Day 28: Tplyr - Declarative Clinical Table Programming

Grammar of clinical data summaries

Back to Roadmap

1 Overview

Tplyr provides a grammar-of-tables approach to clinical data summaries. A table is built by stacking independent layers.

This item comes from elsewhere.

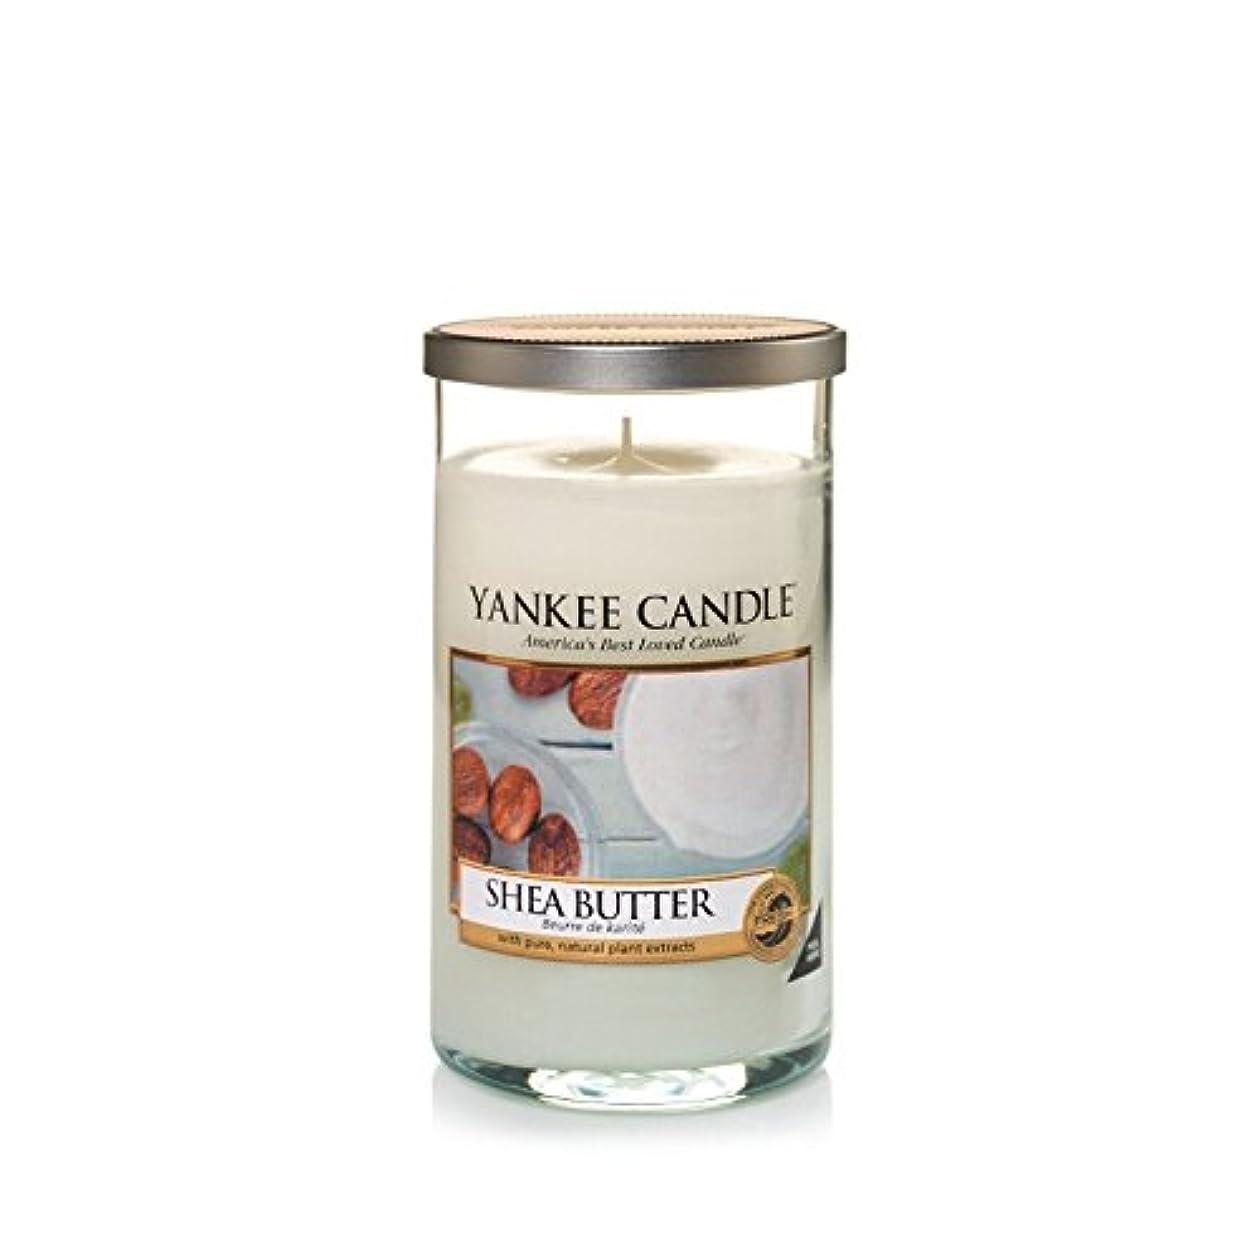 透明に流出ズームインするYankee Candles Medium Pillar Candle - Shea Butter (Pack of 2) - ヤンキーキャンドルメディアピラーキャンドル - シアバター (x2) [並行輸入品]

When build() is called, all layers execute and assemble into a single data frame ready for downstream display or RTF export.

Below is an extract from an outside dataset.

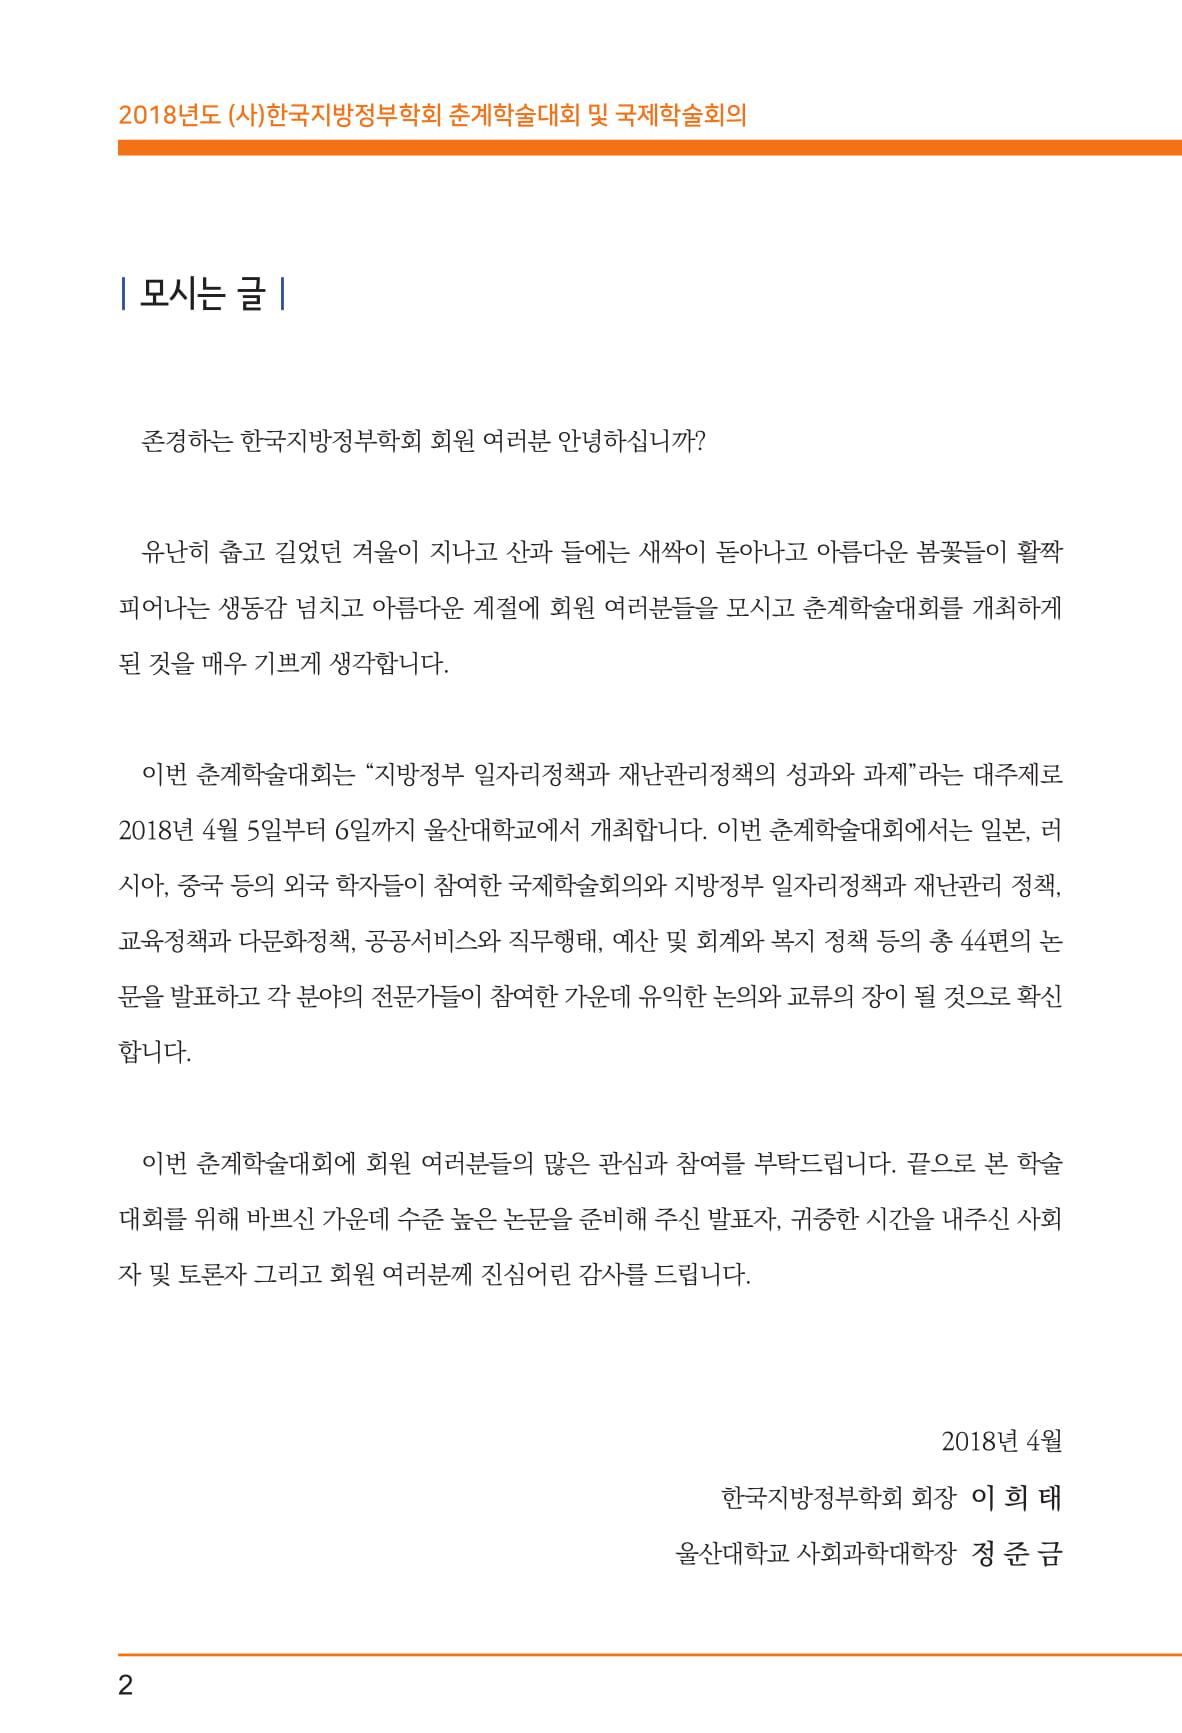 12_지방정부_춘계초청-02.jpg

Concept Tplyr rtables / tern
Entry point tplyr_table() basic_table()
Analysis unit layer (add_layer()) analyze() / split_rows_by()
Execution build() returns a data frame build_table() returns an rtable
Sorting dplyr post-build() pre-ordered factors
Output data frame -> any renderer rtable -> r2rtf

2 Setup

library(Tplyr)
library(pharmaverseadam)
library(dplyr)
library(tidyr)
library(knitr)

adsl <- pharmaverseadam::adsl
adae  <- pharmaverseadam::adae
adlb  <- pharmaverseadam::adlb

adsl_safe <- adsl |>
  dplyr::filter(SAFFL == "Y") |>
  dplyr::mutate(
    TRT01A = factor(TRT01A),
    SEX    = factor(SEX),
    RACE   = factor(RACE)
  )

adae_safe <- adae |>
  dplyr::filter(SAFFL == "Y", TRTEMFL == "Y")

adlb_alt <- adlb |>
  dplyr::filter(SAFFL == "Y", PARAMCD == "ALT",
                ANL01FL == "Y", !is.na(BNRIND), !is.na(ANRIND)) |>
  dplyr::mutate(
    BNRIND = factor(BNRIND, levels = c('LOW', 'NORMAL', 'HIGH')),
    ANRIND = factor(ANRIND, levels = c('LOW', 'NORMAL', 'HIGH'))
  )

cat("ADSL safety N:", nrow(adsl_safe), "\n")
ADSL safety N: 254 
cat("Treatment arms:", levels(adsl_safe$TRT01A), "\n")
Treatment arms: Placebo Xanomeline High Dose Xanomeline Low Dose 
cat("ADAE TEAE records:", nrow(adae_safe), "\n")
ADAE TEAE records: 1122 
cat("ADLB ALT records:", nrow(adlb_alt), "\n")
ADLB ALT records: 2094 

3 Part 1: Core Tplyr Concepts

3.1 Step 1: Single-layer count table

t_sex <- tplyr_table(adsl_safe, TRT01A) |>
  add_total_group() |>
  add_layer(
    group_count(SEX, by = 'Sex') |>
      set_format_strings(f_str('xx (xx.x%)', n, pct))
  )
build(t_sex) |>
  dplyr::select(-dplyr::starts_with('ord')) |>
  knitr::kable()
row_label1 row_label2 var1_Placebo var1_Total var1_Xanomeline High Dose var1_Xanomeline Low Dose
Sex F 53 (61.6%) 143 (56.3%) 35 (48.6%) 55 (57.3%)
Sex M 33 (38.4%) 111 (43.7%) 37 (51.4%) 41 (42.7%)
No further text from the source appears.